In the material below, begin at the line that has "Bradley Cooper in", stop after the line that has "C-Skins Session 22L", and transcribe those lines exactly, without pictures.

DATASET RECORDS:
- - -

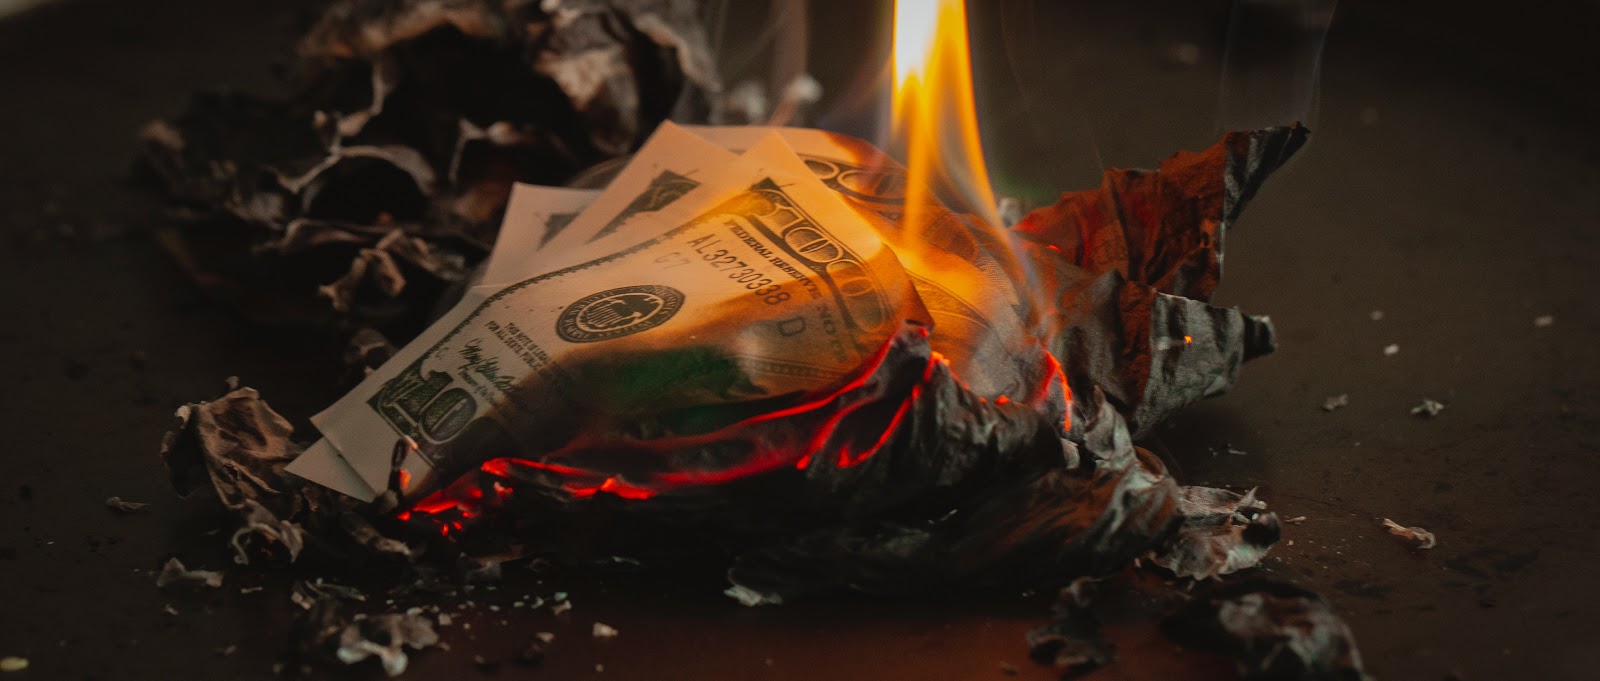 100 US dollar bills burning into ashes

- - -

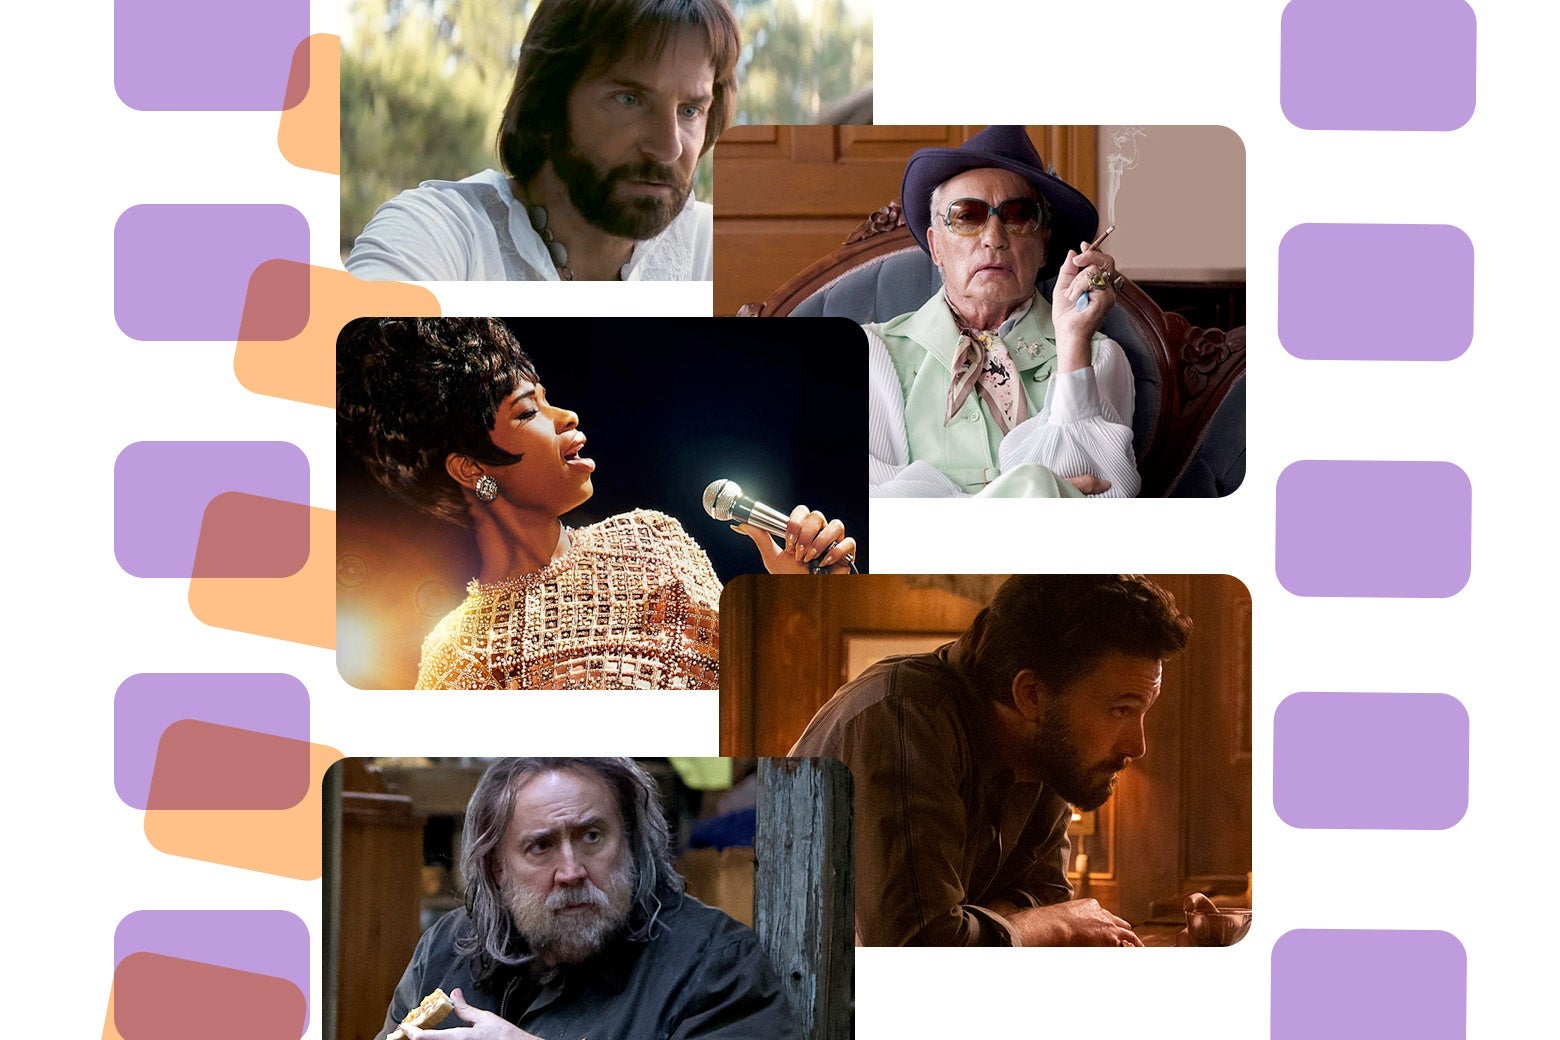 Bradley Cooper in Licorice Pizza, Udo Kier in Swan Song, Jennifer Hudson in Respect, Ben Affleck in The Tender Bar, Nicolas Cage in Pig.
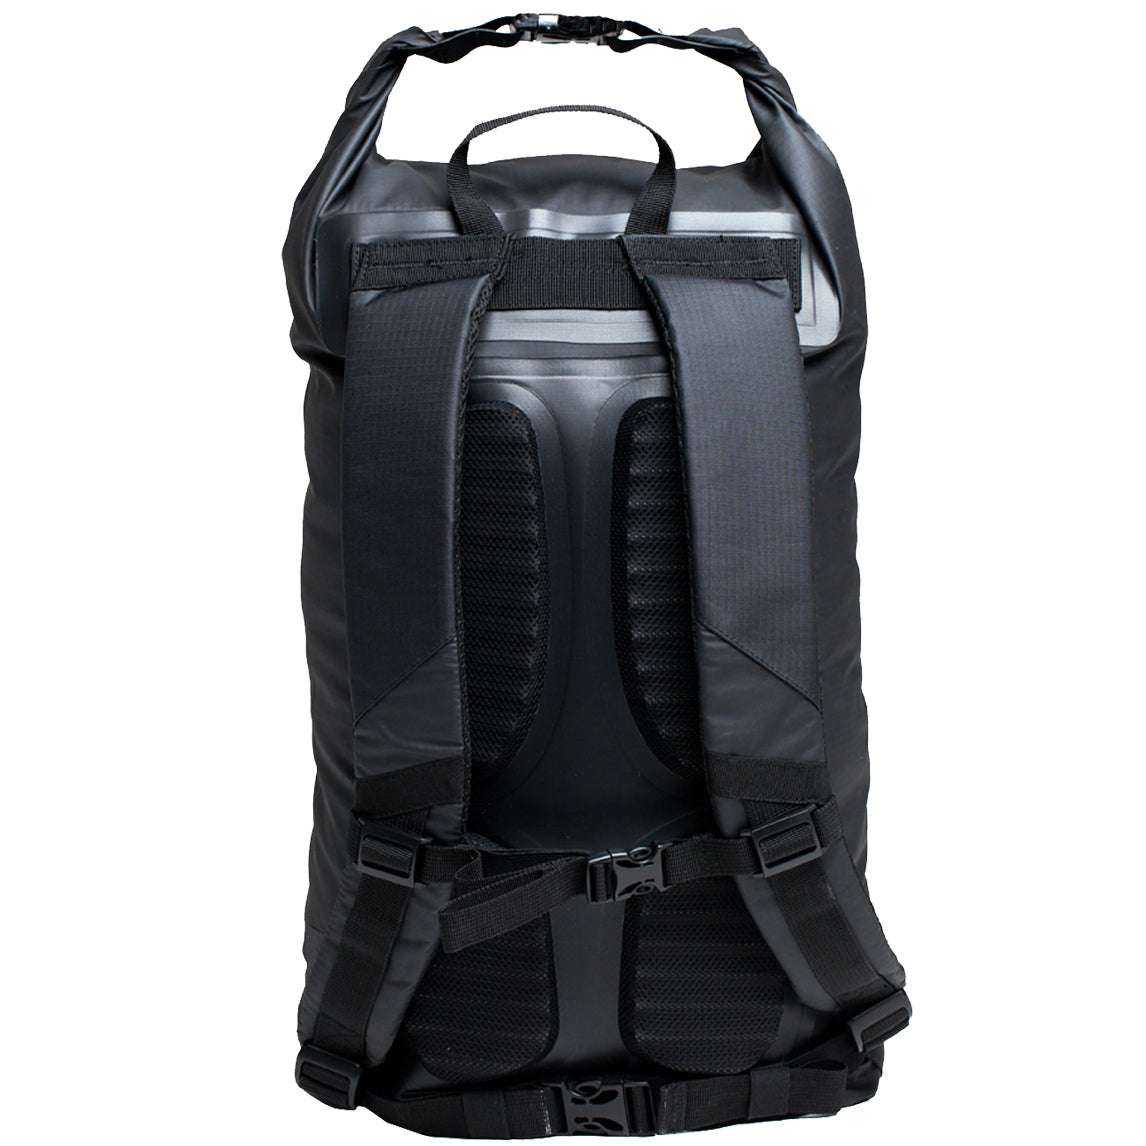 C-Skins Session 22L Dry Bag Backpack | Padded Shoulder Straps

- - -

WRITTEN ANSWER:
 Bradley Cooper in Licorice Pizza, Udo Kier in Swan Song, Jennifer Hudson in Respect, Ben Affleck in The Tender Bar, Nicolas Cage in Pig.
 C-Skins Session 22L Dry Bag Backpack | Padded Shoulder Straps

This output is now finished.